Michele Buck

Michele Buck

Ever wonder how the pay of the top dog where you work compares to the pay of the regular guy or gal working there?

Well, at a number of companies in Lancaster County, you don’t have to wonder any longer. You can look it up.

And at the same time, you can see how your pay compares to the typical employee’s pay too.

Thanks to the federal financial-reform law, the Dodd-Frank Act, most publicly held U.S. companies last year began having to annually disclose the ratio of their CEO’s total compensation to their median employee’s pay.

And in some cases, when comparing what one publication dubbed “CEO vs. Average Joe,” it’s a jaw-dropping difference.

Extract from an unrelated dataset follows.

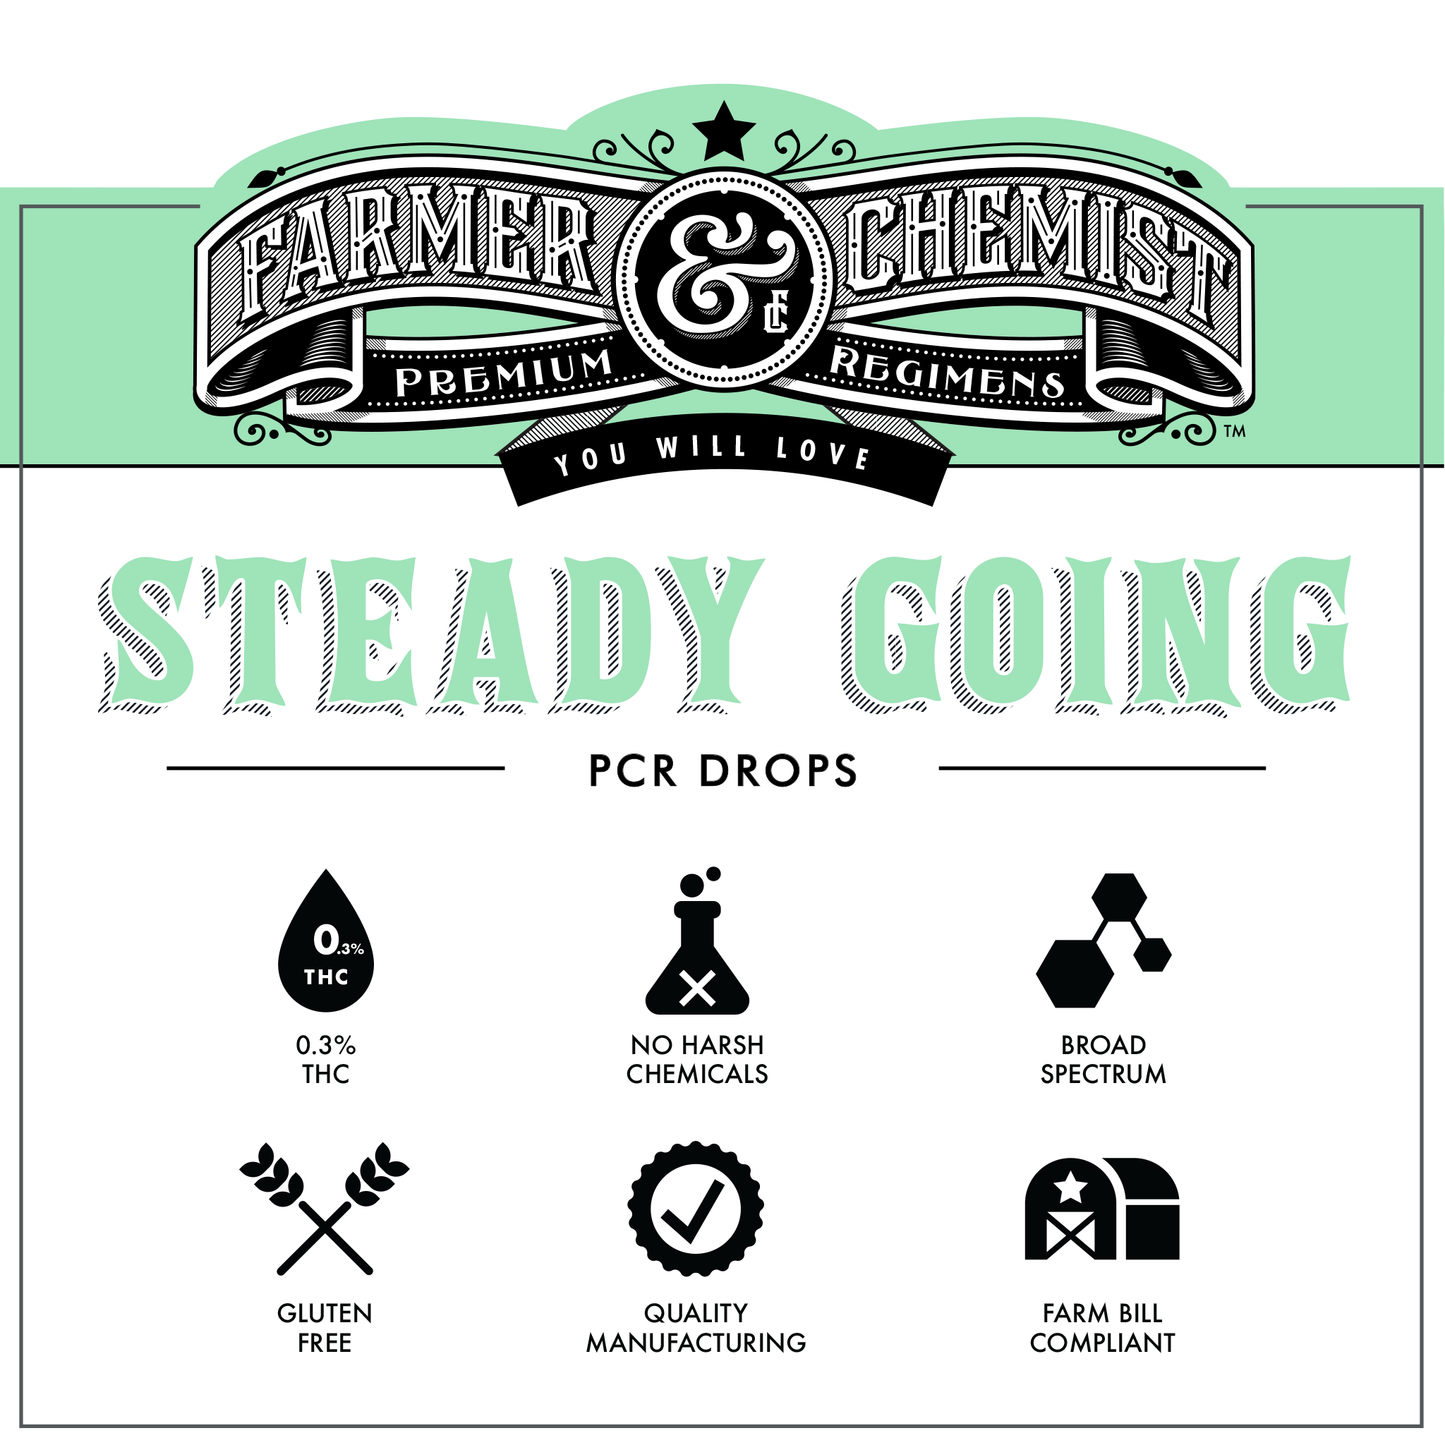 STEADY GOING - Minty Me 1500mg PCR Tincture (Case pack of 4)

Of a half-dozen publicly held companies based in or near Lancaster County that were checked by LNP, Hershey Co. reported the biggest differential.

CEO Michele Buck got total compensation valued at $11.7 million in 2018, the candymaker reported in its proxy statement. That was 400 times more than the median employee pay of $29,300.

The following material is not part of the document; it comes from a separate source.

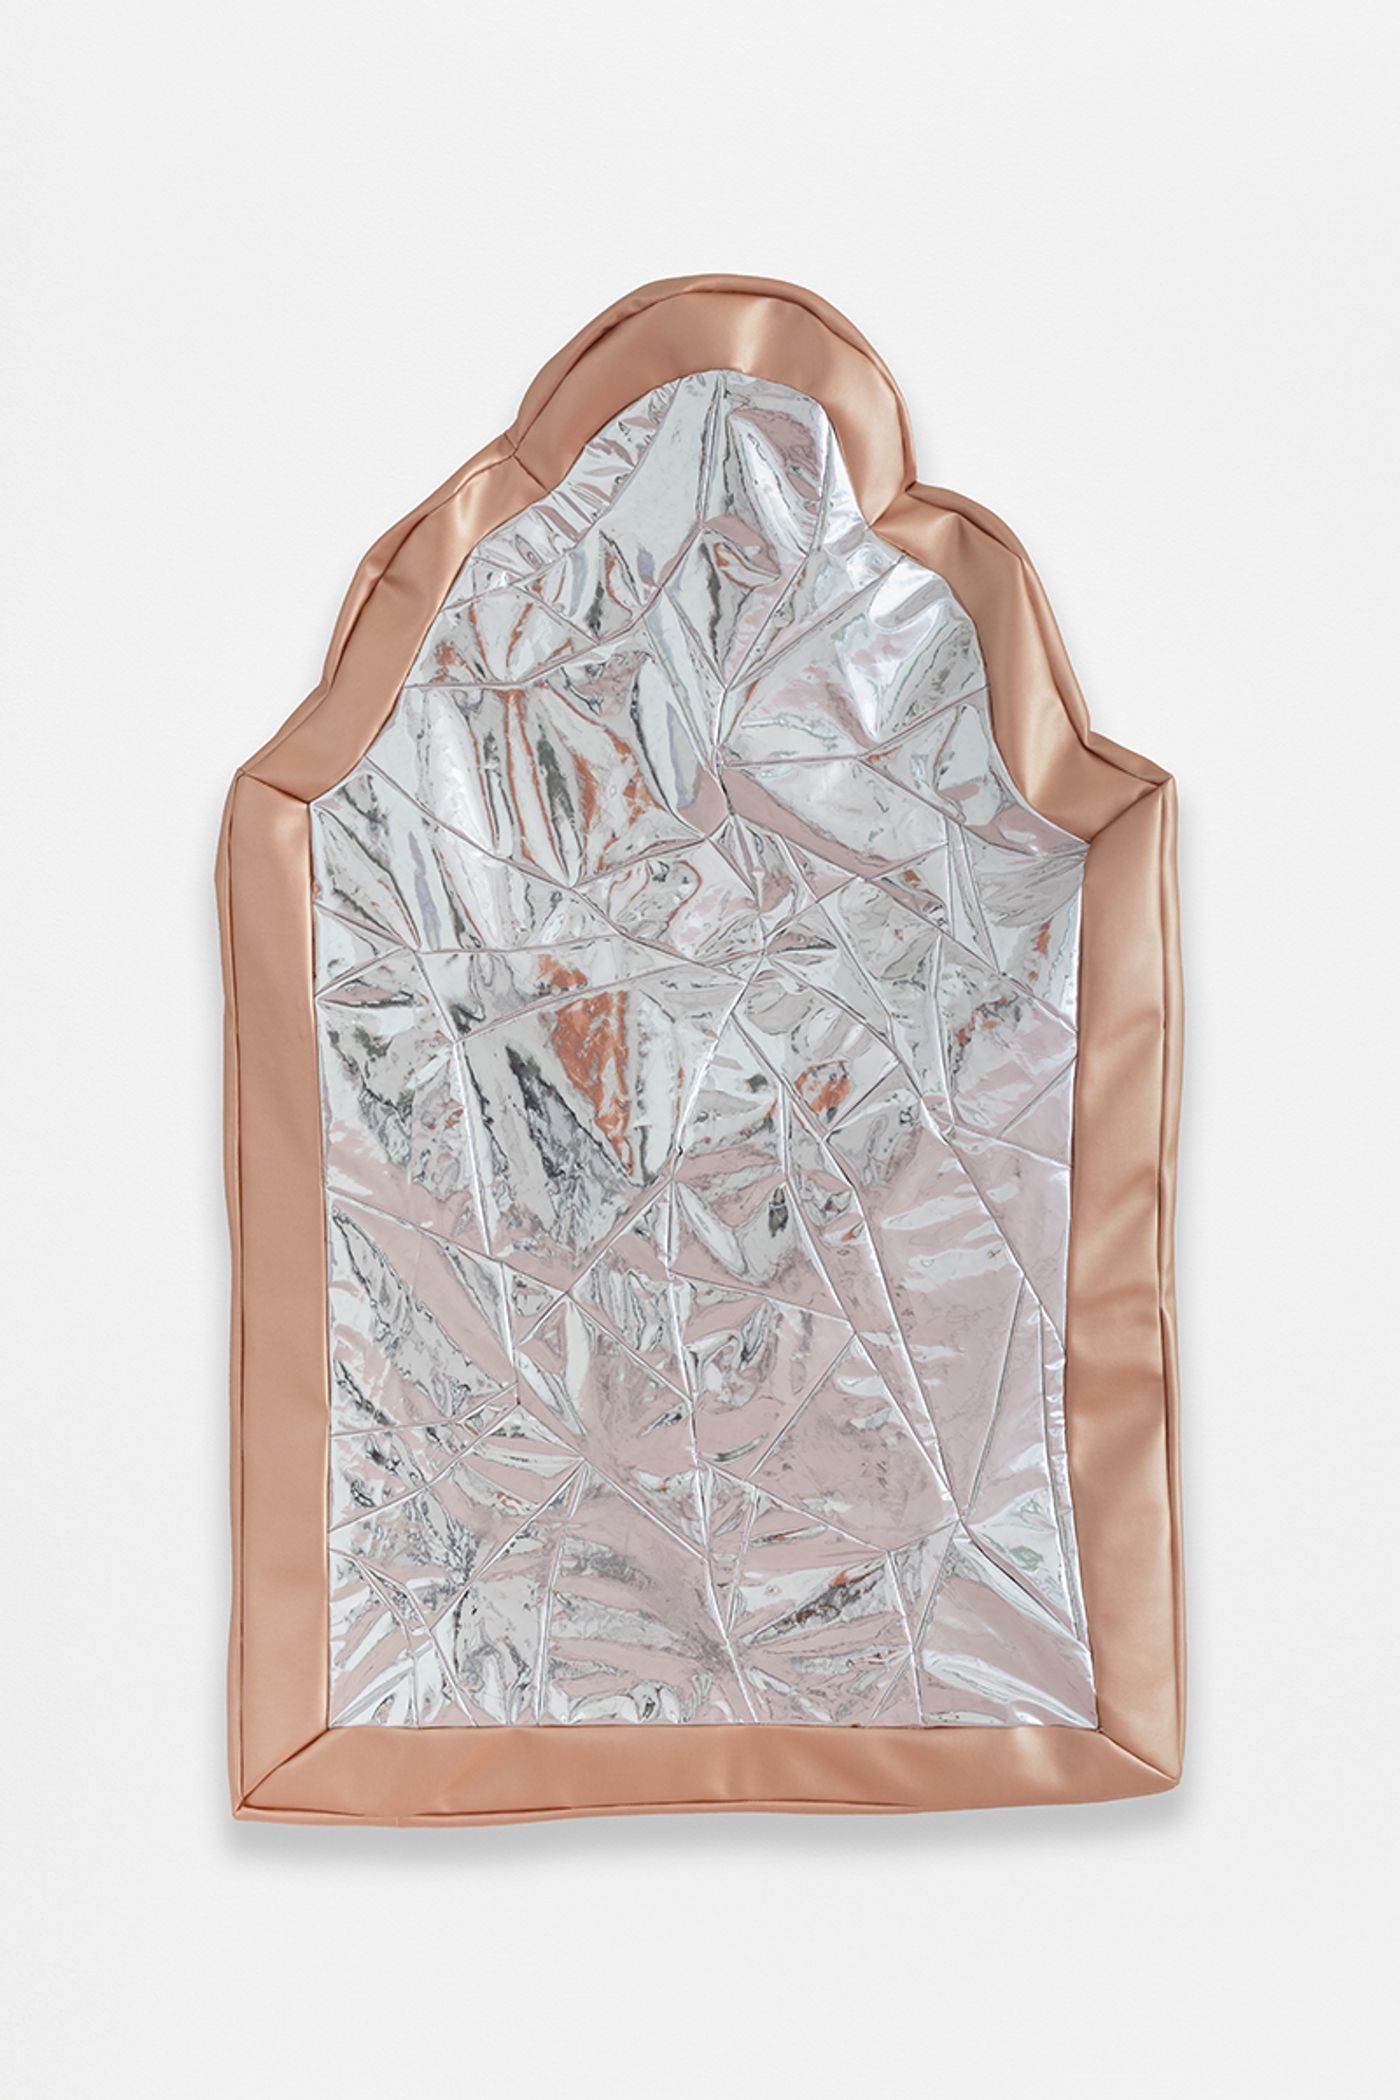 Image of Soft Cracked Rose Gold Mirror, 2023: Vinyl and upholstery foam

This was no fluke. In 2017, Buck’s annualized pay (to adjust for the fact that she became CEO on March 1, 2017) was 376 times greater than the median employee pay.

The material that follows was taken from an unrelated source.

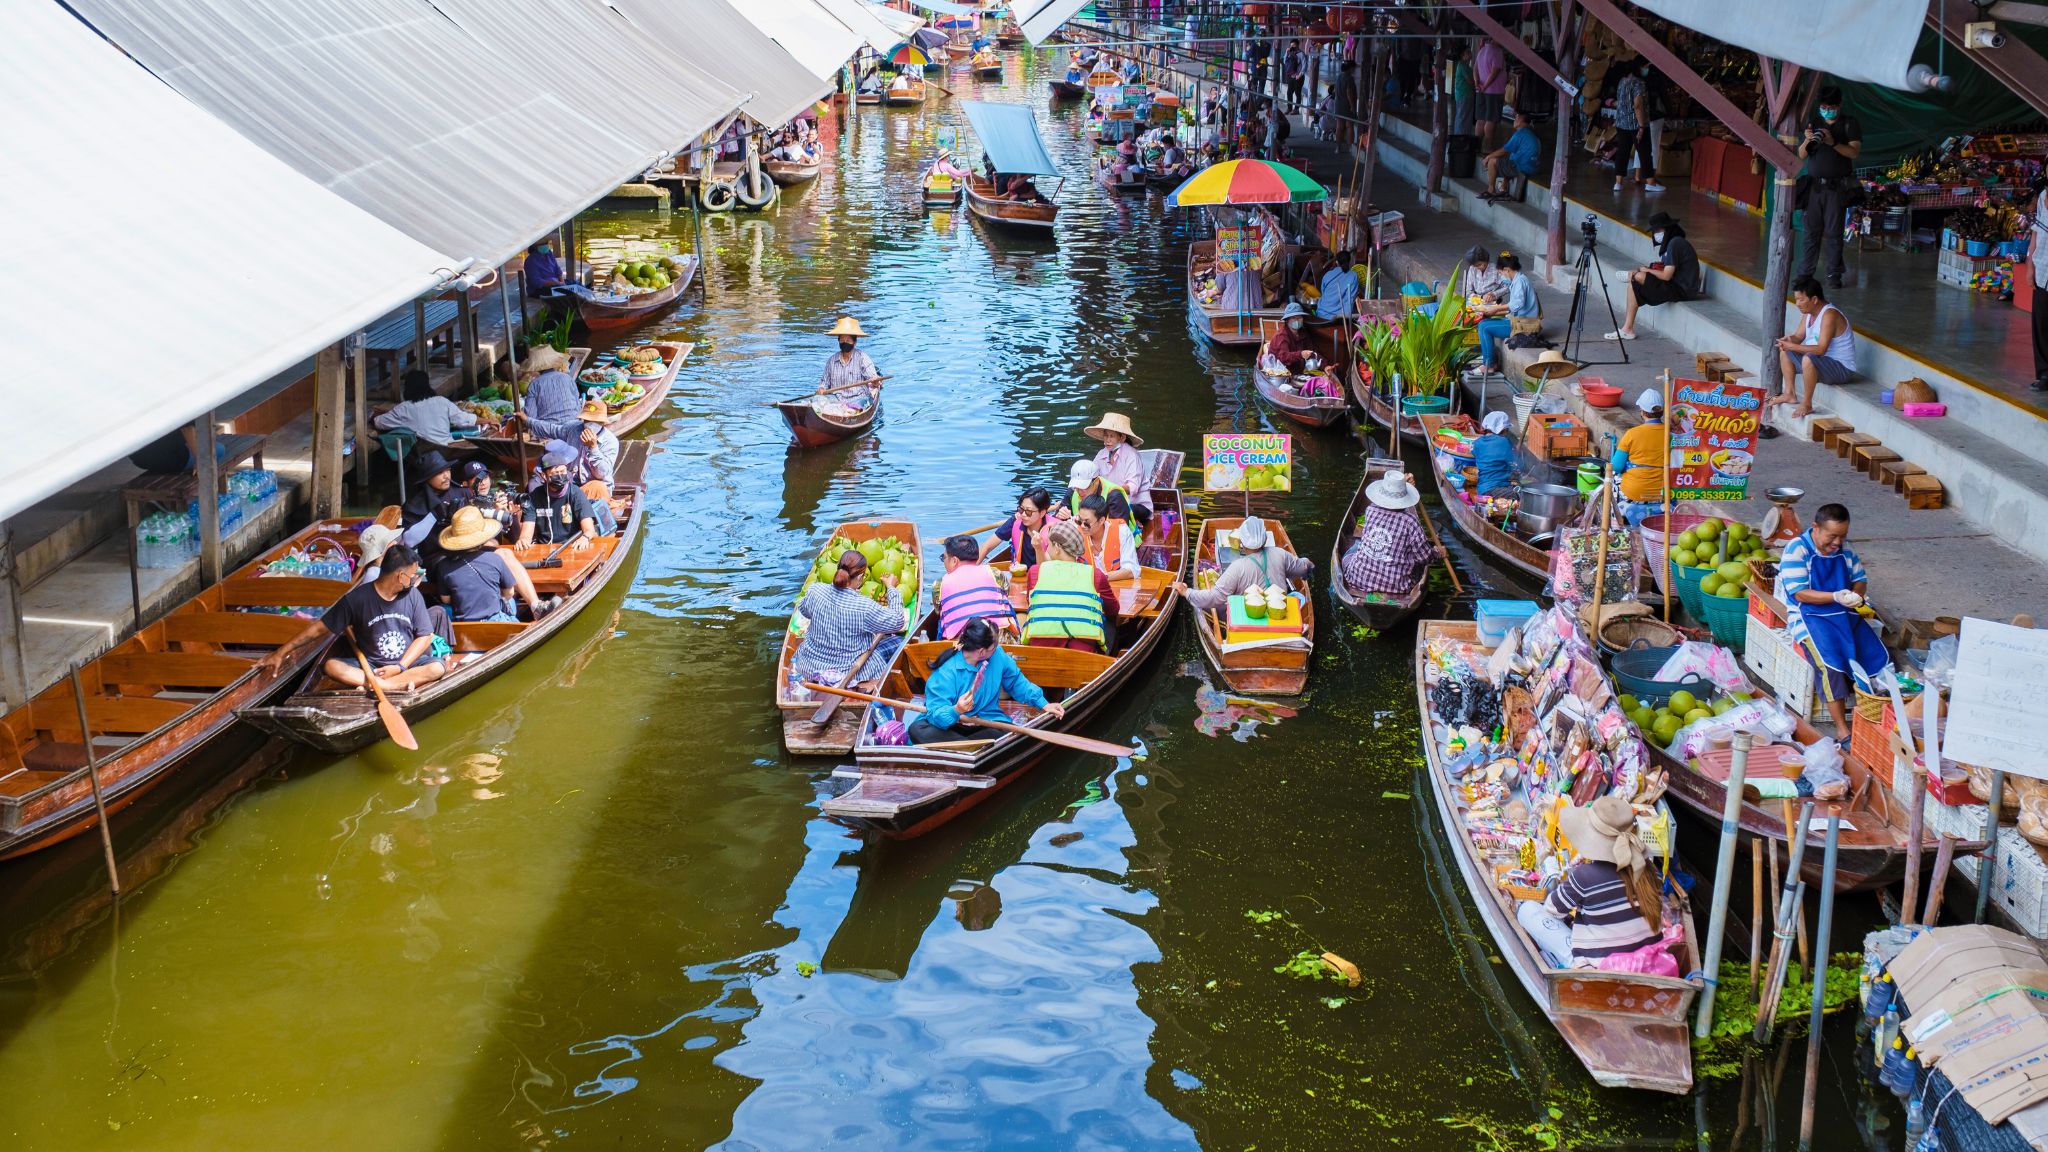 Day 3 Vibrant Colors And Lively Trade At Damnoen Saduak Floating Market

Hershey spokesman Jeff Beckman indicated that the scale and nature of Hershey’s business makes the company likely to have a high CEO pay ratio.

“As a large consumer goods company with operations around the world in both established and developing markets, a sizable part of our workforce is in retail and manufacturing positions, with a smaller percentage in management or professional roles,” he said.

Beckman also noted that most of Buck’s total compensation each year is pegged to Hershey’s performance, including its performance in the future.

So while an estimated future payout is reported now -- and is listed as part of her 2018 compensation -- “the actual payout will be determined in the future based on the actual success of the company in future years,” he said.

The other five companies surveyed by LNP had double-digit or single-digit ratios.

Armstrong Flooring’s then-CEO Donald Maier earned total compensation valued at $4.3 million in 2018. That was 77 times bigger than the Lancaster-based firm’s median employee pay of $55,200.

Victor Grizzle, CEO of Lancaster-based Armstrong World Industries, earned total compensation valued at $4.7 million last year. That was 59 times larger than the median employee’s pay of $80,600.

At Fulton Financial, CEO E. Philip Wenger earned total compensation valued at $2.8 million in 2018. That sum was 58 times higher the Lancaster-based firm’s median employee compensation of $48,800.

Donegal Group, the Marietta-based insurance holding company, paid CEO Kevin Burke $704,700 in base salary and stock options. That was 11 times more than the median employee pay of $64,300.

The smallest ratio was posted by ENB Financial, owner of Ephrata National Bank. (ENB only reported the ratio for 2017; the threshold for banking companies to report then changed and no longer includes ENB.)

CEO Aaron Groff was paid $351,000 in 2017, seven times more than the median employee pay that year of $48,600.

Why the variance from company to company?

One study of CEO pay ratios reported by 2,005 publicly held companies shows they vary widely by company size and industry.

Executive compensation consultant Pearl Meyer & Partners, in a study released in October, said the average CEO-to-median-employee pay ratio was 144:1 and the median ratio was 69:1.

But a much more accurate indicator was the company’s industry and size.

The ratio was highest at companies that provide consumer discretionary products or services (such as travel, entertainment, clothing and cars), or consumer staples (such as food and soap). The lowest were at utilities and financial companies.

And across all industry sectors, the bigger the company, the more part-time employees and the more foreign employees, the higher the ratio, Pearl Meyer also found. But there was no correlation between a company’s ratio and its financial performance.